In contrast, during periods of increasing interest rate, we actually see occasions where equities showed positive performance as shown in Figure 2 below. In May 2004, the Federal Reserve began raising rates over a span of 760 days, during which REITs significantly outperformed the S&P 500 by 44.9%. In practice, according to Nareit, there has generally been a positive association between periods of rising rates and absolute REIT returns over longer periods. Our key takeaway is that investing in REITs is not merely a bet on interest rates, as some market commentators suggest.

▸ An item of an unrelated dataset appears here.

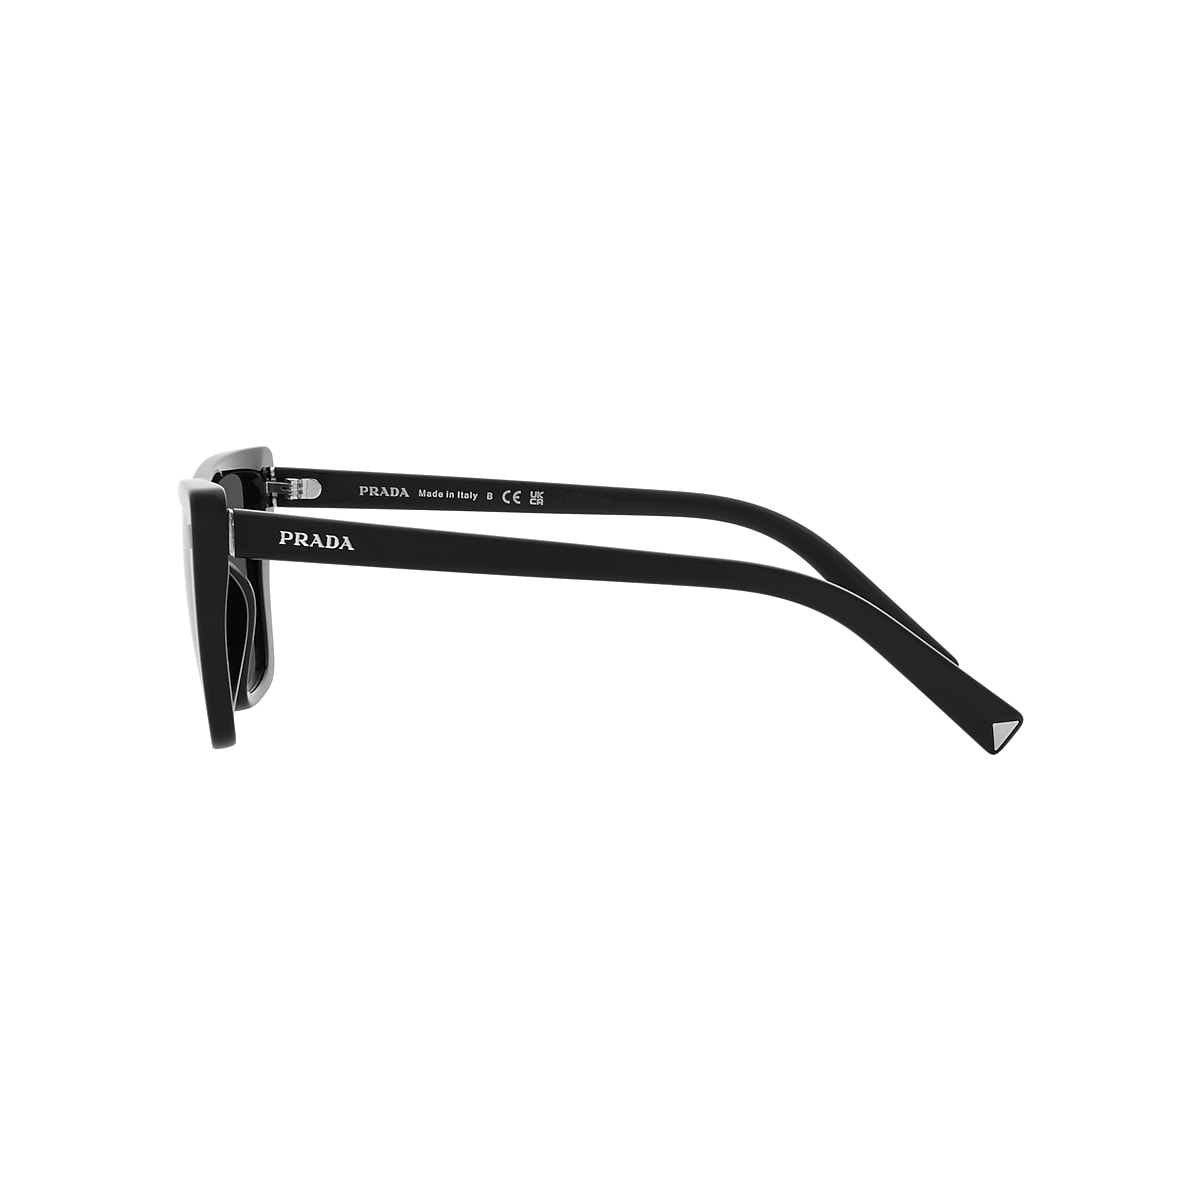 Prada PR 21ZS 55 Dark Grey & Black Sunglasses | Sunglass Hut USA

The Effect of Interest Rate on REITs
The Discounted Cash Flow (DCF) model offers an explanation on how businesses generate value and REIT long term share performance. The DCF model includes several variables, but we focus on the two main value drivers here: discount rates (a derivative of interest rates) and business cash flows. The impact of market interest rates on a REIT’s valuation, is driven by the discount rates and cash flows and their interaction. The theory states that a lower discount rate increases the DCF value, assuming cash flows remain constant.
We acknowledge the positive impact that lower interest rates can have on REITs’ cost of capital, which can create opportunities for additional growth through acquisitions. However, the effect of market interest rates on the cash flows of a business can be less straightforward since only a small portion of debt is repriced annually. On the other hand, rising interest rate might reflect improvement in the underlying fundamentals. A stronger economy leads to both higher occupancy and rental rates resulting in better profits and dividends for shareholders. Additionally, rising interest rates might also limit new construction, which benefits existing owners of real estate through reduced supply.

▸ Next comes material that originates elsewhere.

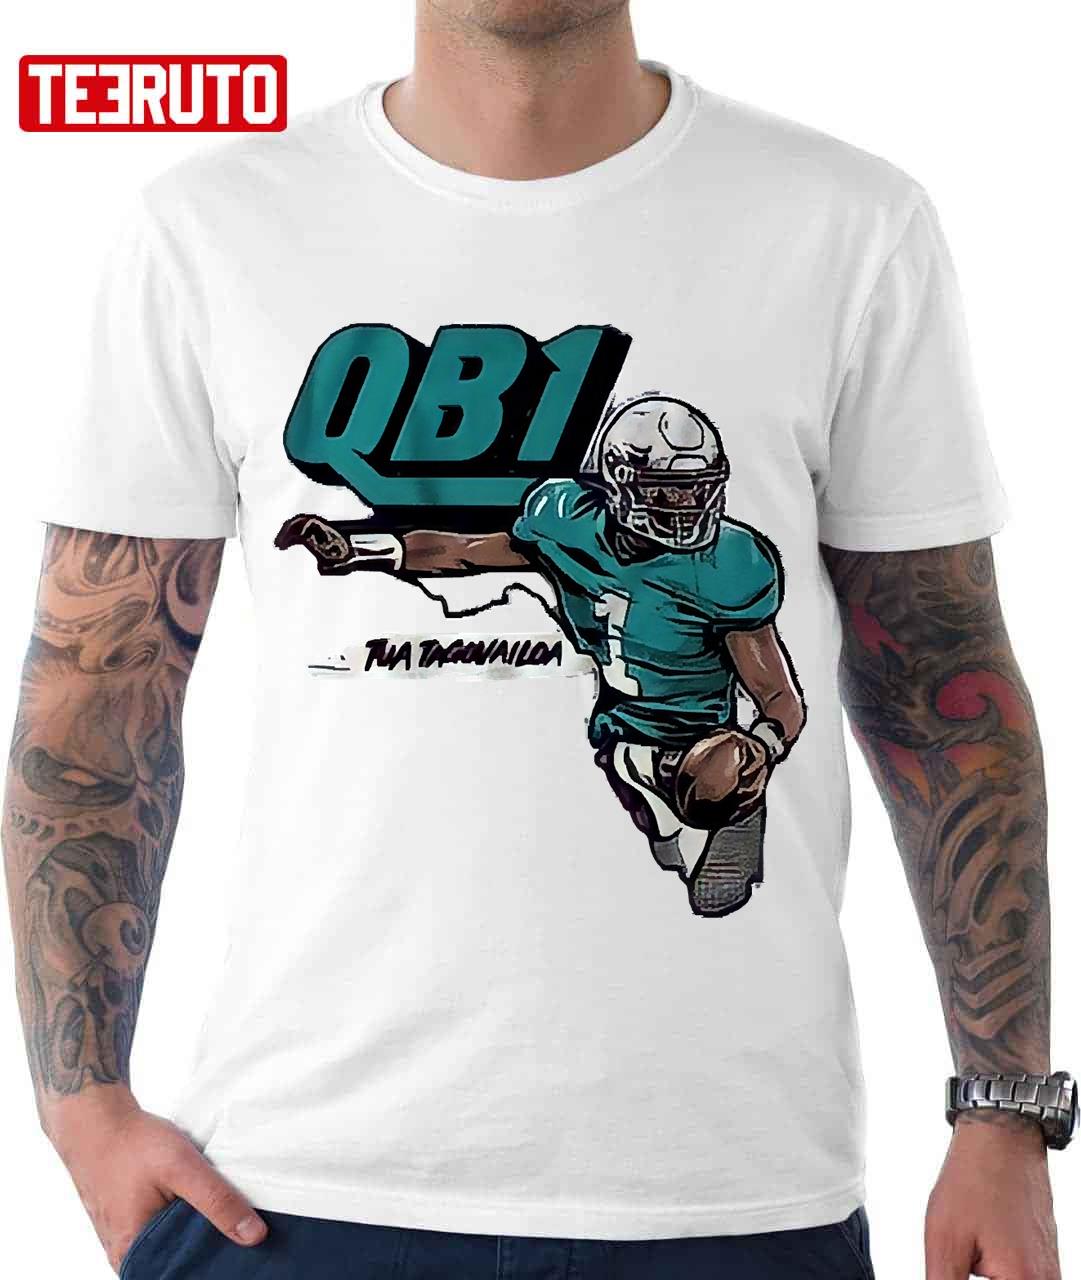  QB1 Tua Tagovailoa Miami Dolphins Unisex T-Shirt

The complex interaction of these factors and the figures above show that even if investors can anticipate the change in interest rates, it might not necessarily lead to the right investment decision. Therefore, instead of attempting to predict the direction and magnitude of interest rate moves, B&I Capital emphasizes evaluating the business models and fundamentals of REITs.
Positive Fundamentals for REITs
We focus on REITs with solid business models, good balance sheets, and proven management teams, evaluating companies based on their expected total return (dividend yield plus dividend growth) and favour REITs with higher total return expectations. Figure 3 shows that US REITs are currently enjoying solid long-term fundamentals based on Net Operating Income (NOI) and dividend growth.
These numbers are supported by our discussions with REIT management teams. As an example, Four Corners’ REIT CEO, Bill Lenehan, highlights a strengthening acquisition market, evidenced by their recent purchase of 19 Bloomin' Brands restaurant properties for USD 66 million. Healthcare REIT Welltower has also engaged in significant external growth even through an elevated interest rate environment, having deployed USD 4.9bn in 2024 as of their July business update.
We believe that our emphasis on traditional fundamental analysis offers deeper insights into the underlying business drivers and long-term capital growth. This disciplined approach provides prudent investors with a more robust framework for making informed and profitable decisions in the REIT sector. At B&I Capital, our focus remains on leveraging these fundamentals to guide our long-term investment decisions and strategy.